Exercise materials:
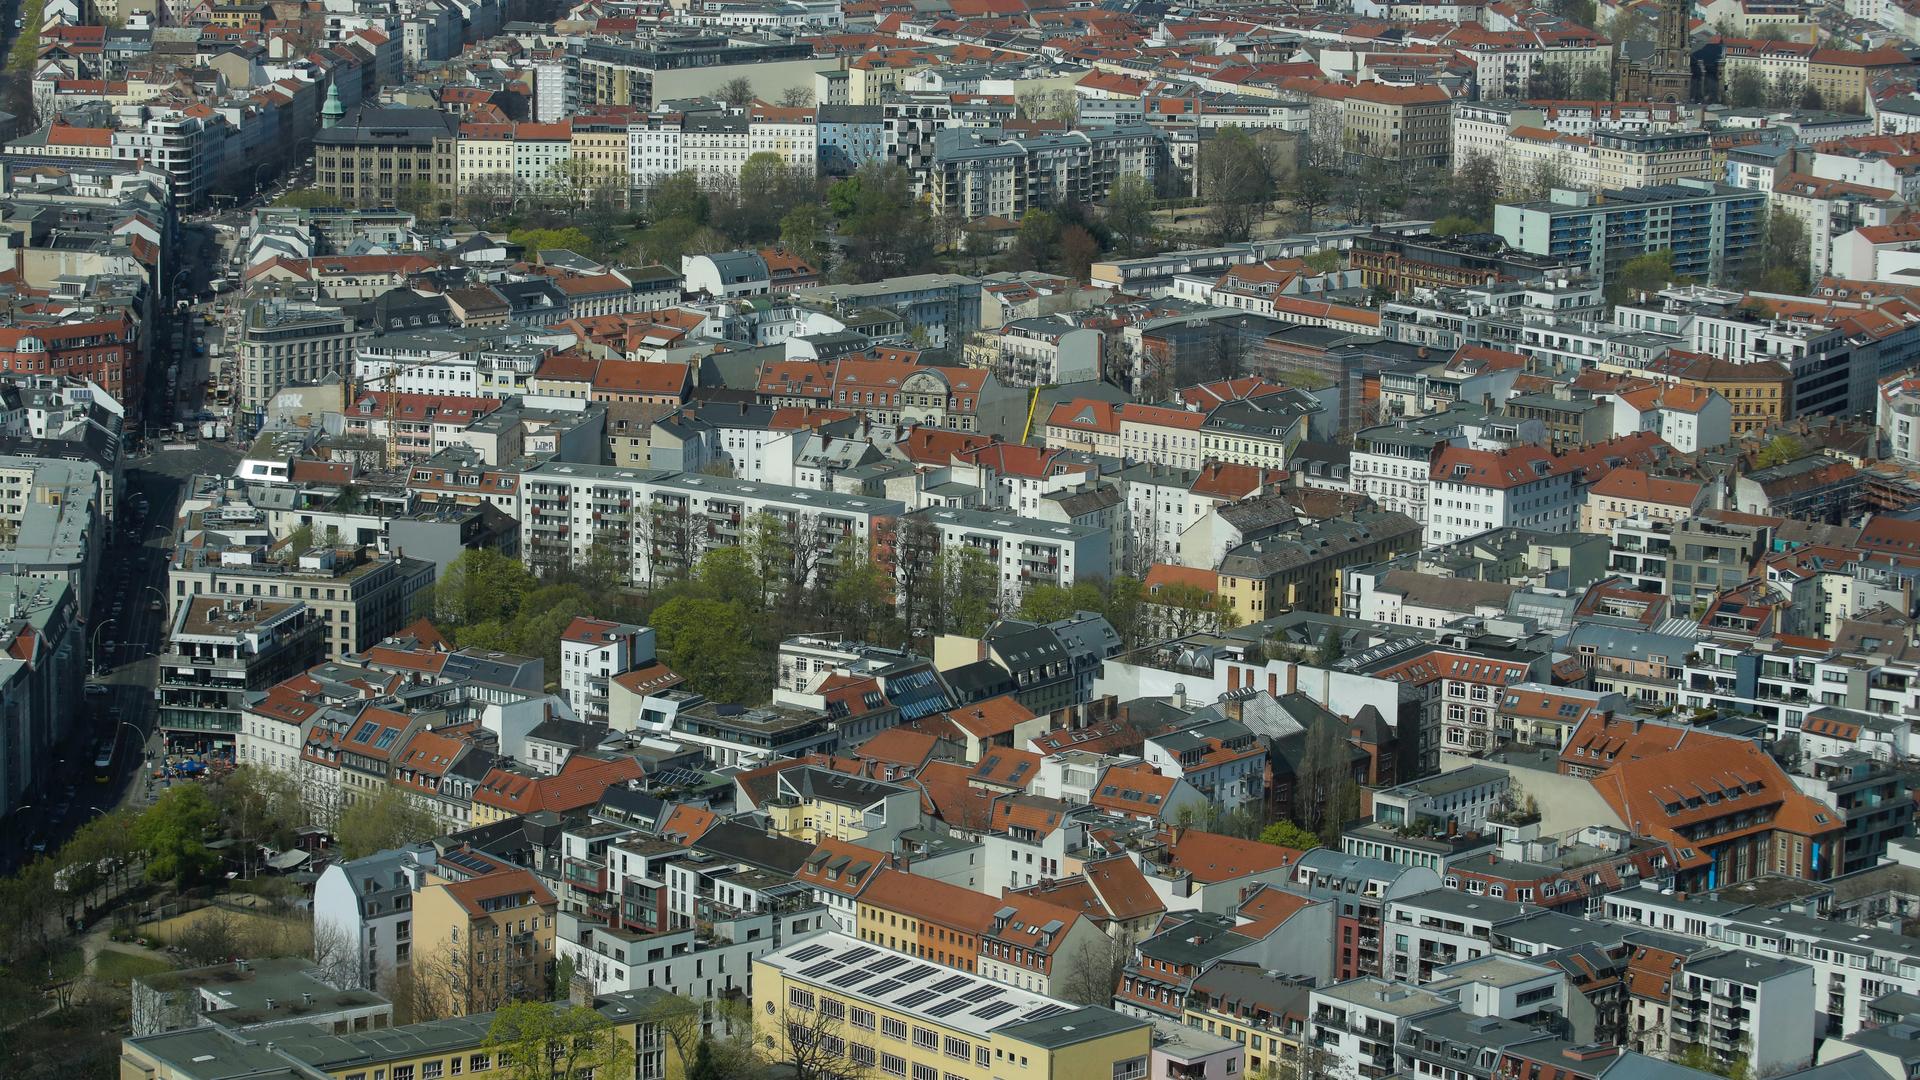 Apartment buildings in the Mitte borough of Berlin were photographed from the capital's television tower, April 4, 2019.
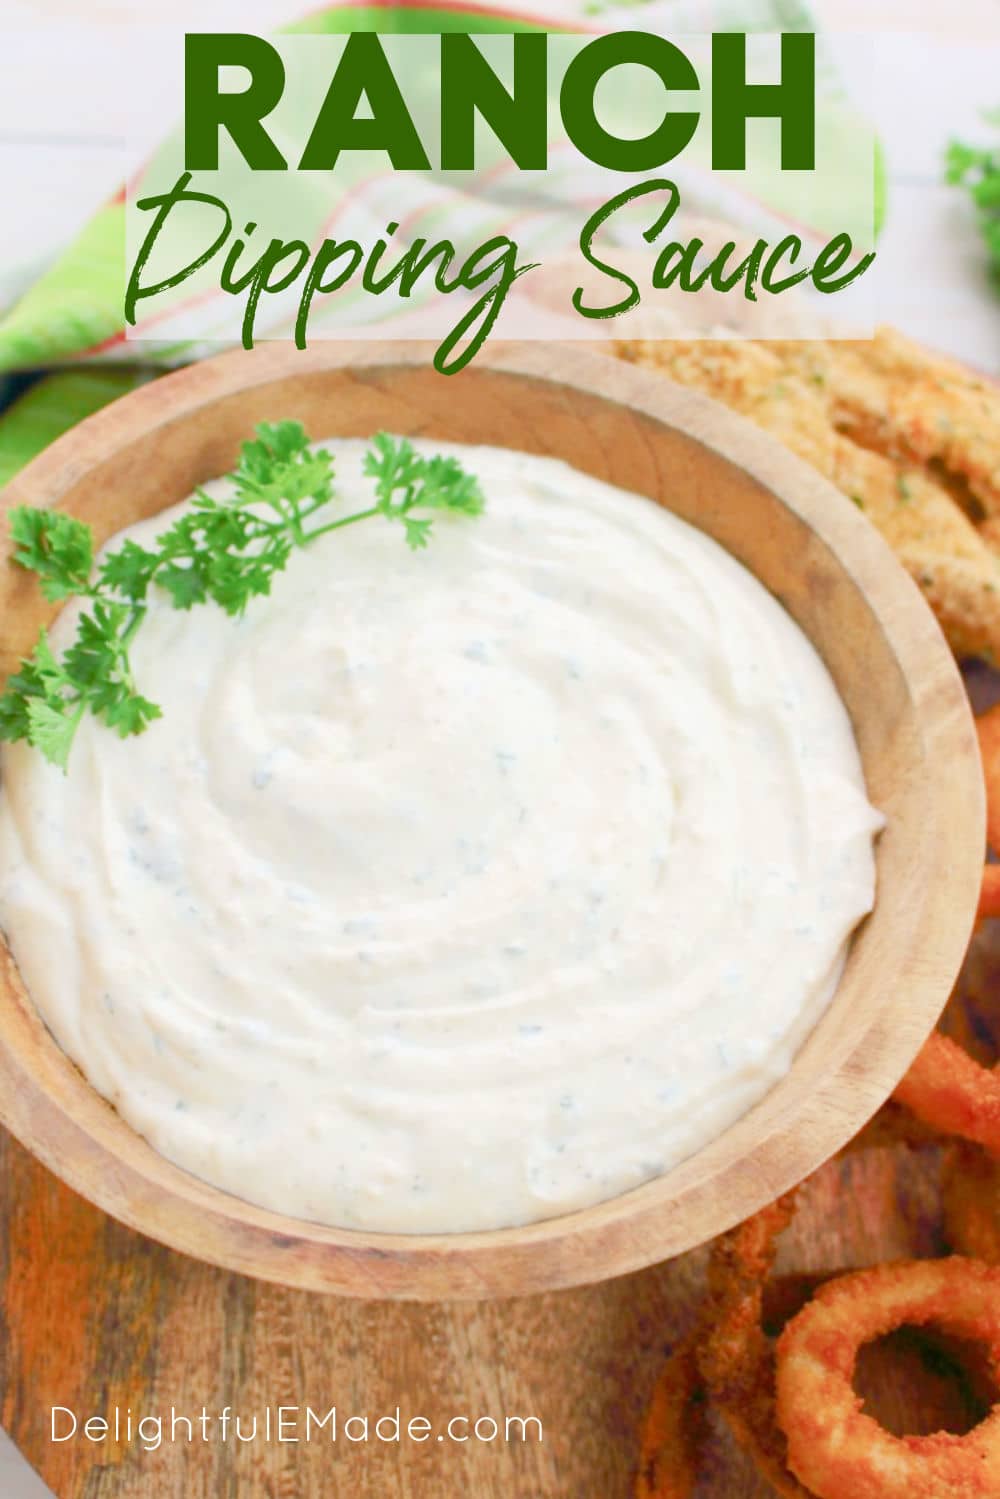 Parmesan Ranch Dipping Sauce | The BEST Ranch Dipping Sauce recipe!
---
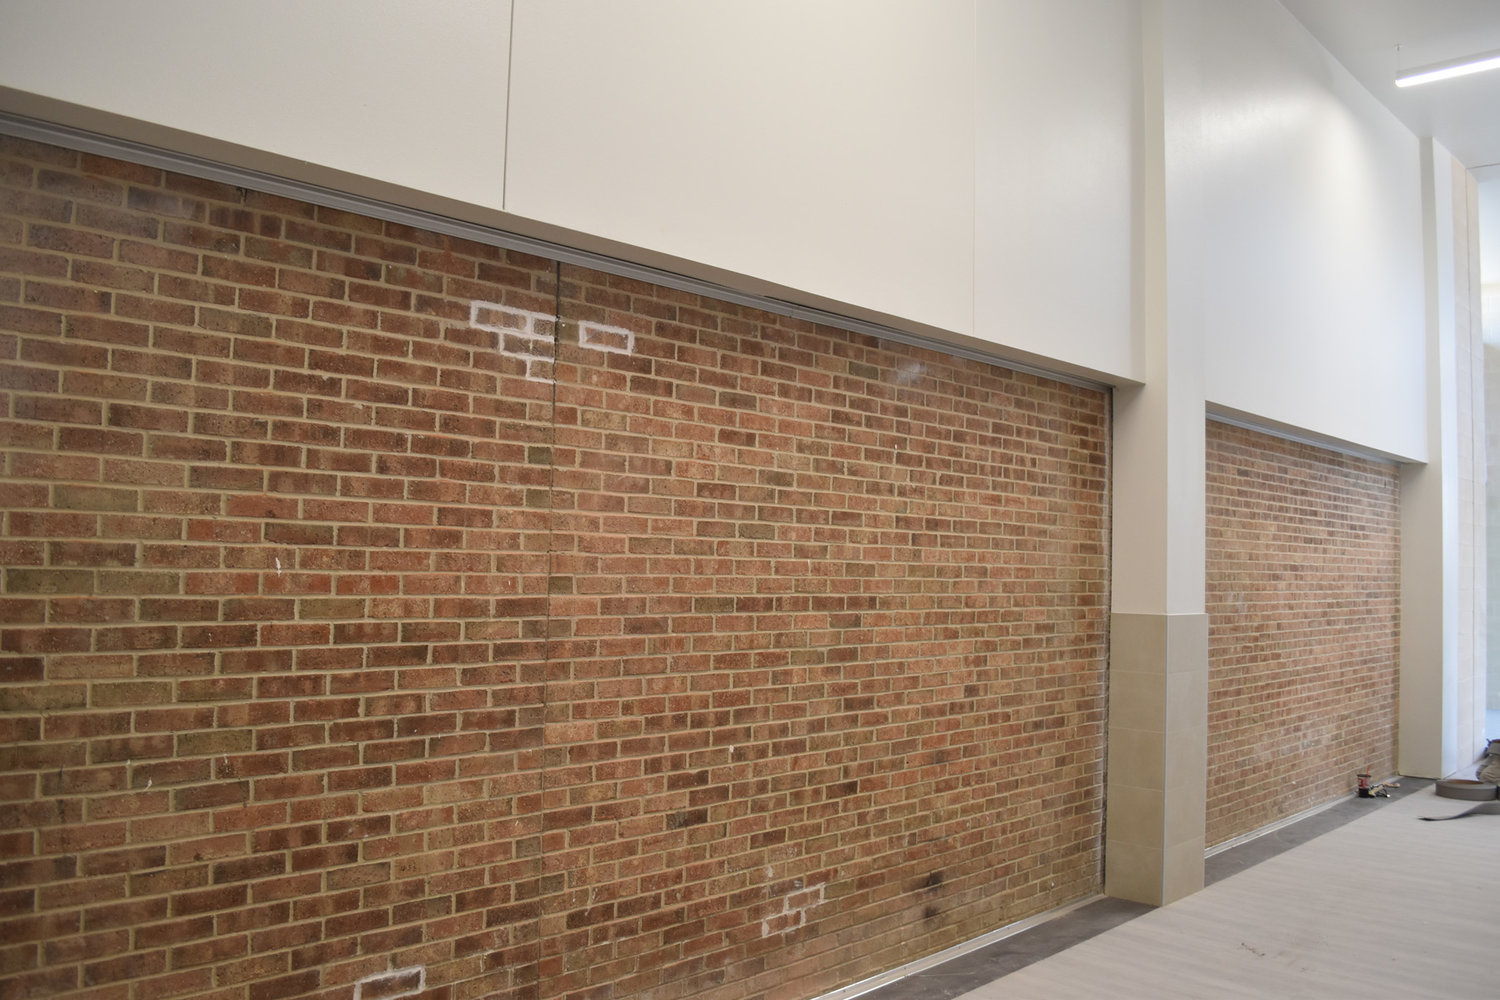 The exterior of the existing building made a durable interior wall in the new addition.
...
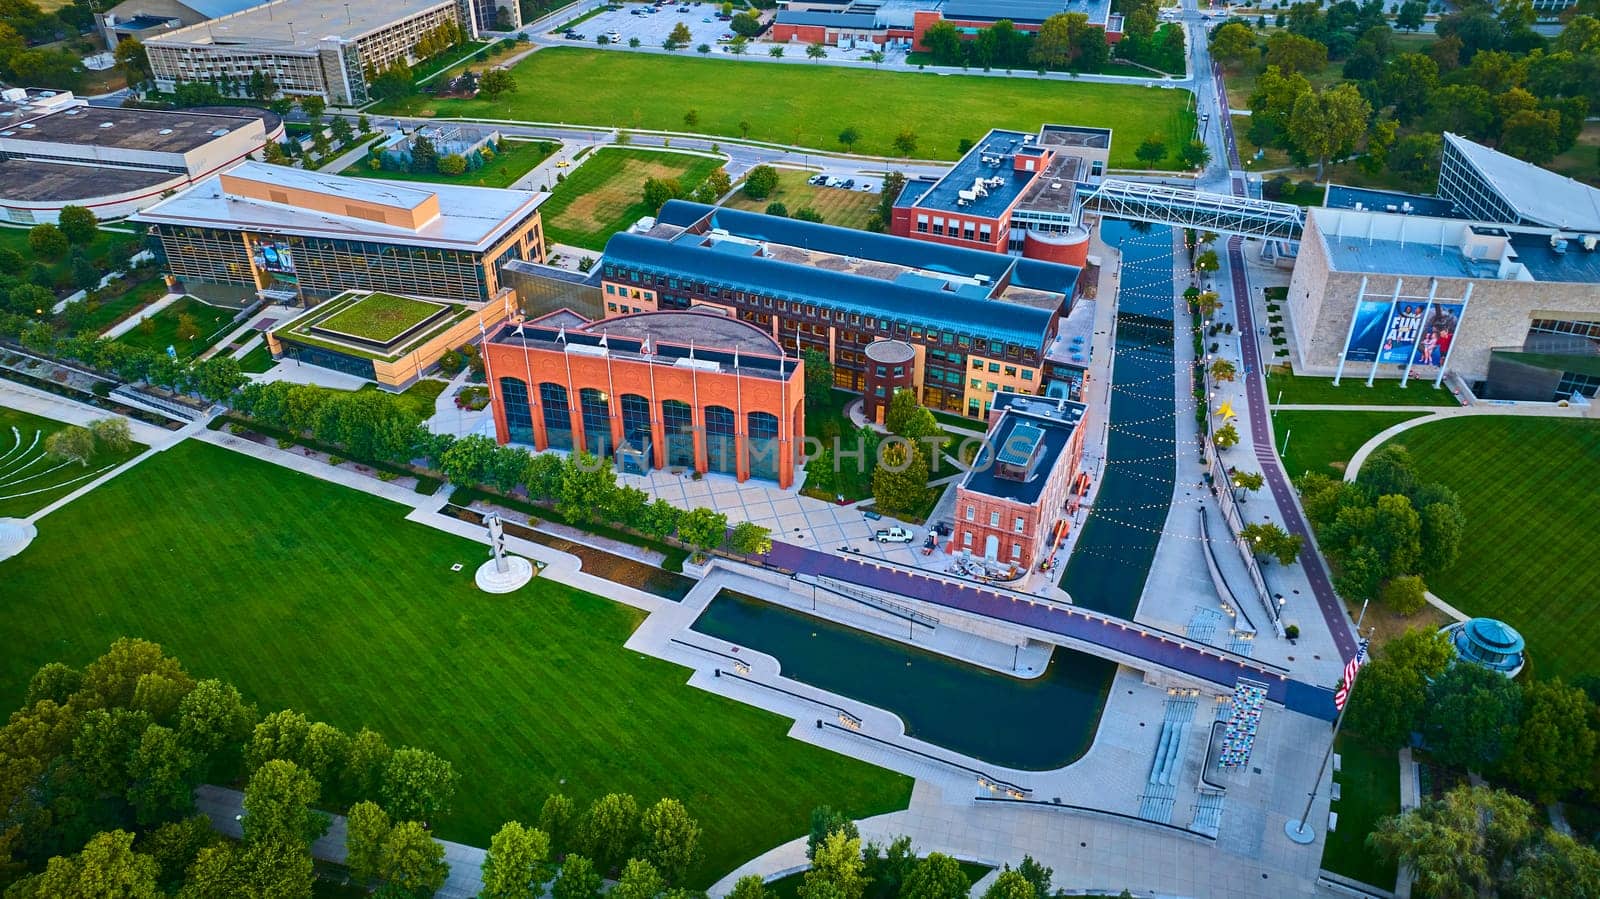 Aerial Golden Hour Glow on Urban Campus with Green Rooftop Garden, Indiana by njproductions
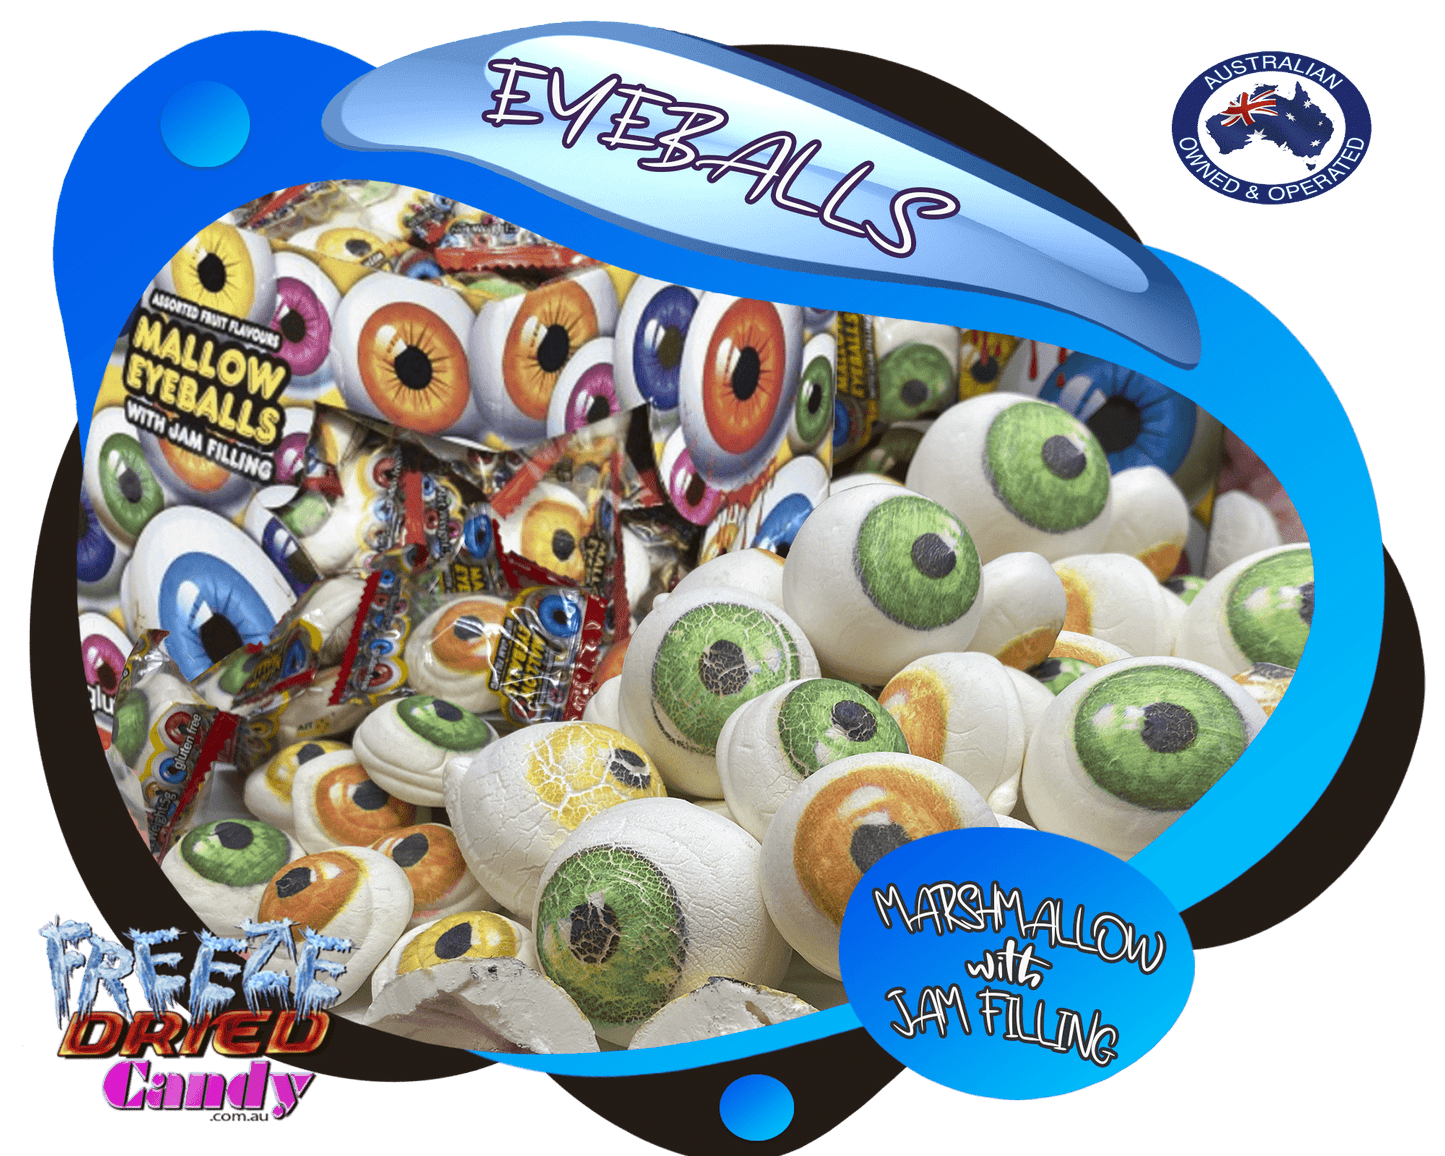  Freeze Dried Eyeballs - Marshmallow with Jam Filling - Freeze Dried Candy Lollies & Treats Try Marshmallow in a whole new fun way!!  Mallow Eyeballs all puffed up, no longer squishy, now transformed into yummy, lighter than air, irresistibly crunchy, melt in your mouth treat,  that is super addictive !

Task directions: Within these entries, output exactly the lines starting at the one with "Apartment buildings in" and finishing at the one with "Parmesan Ranch Dipping". Leave pictures out of the output.

Response to this task:
 Apartment buildings in the Mitte borough of Berlin were photographed from the capital's television tower, April 4, 2019.
 Parmesan Ranch Dipping Sauce | The BEST Ranch Dipping Sauce recipe!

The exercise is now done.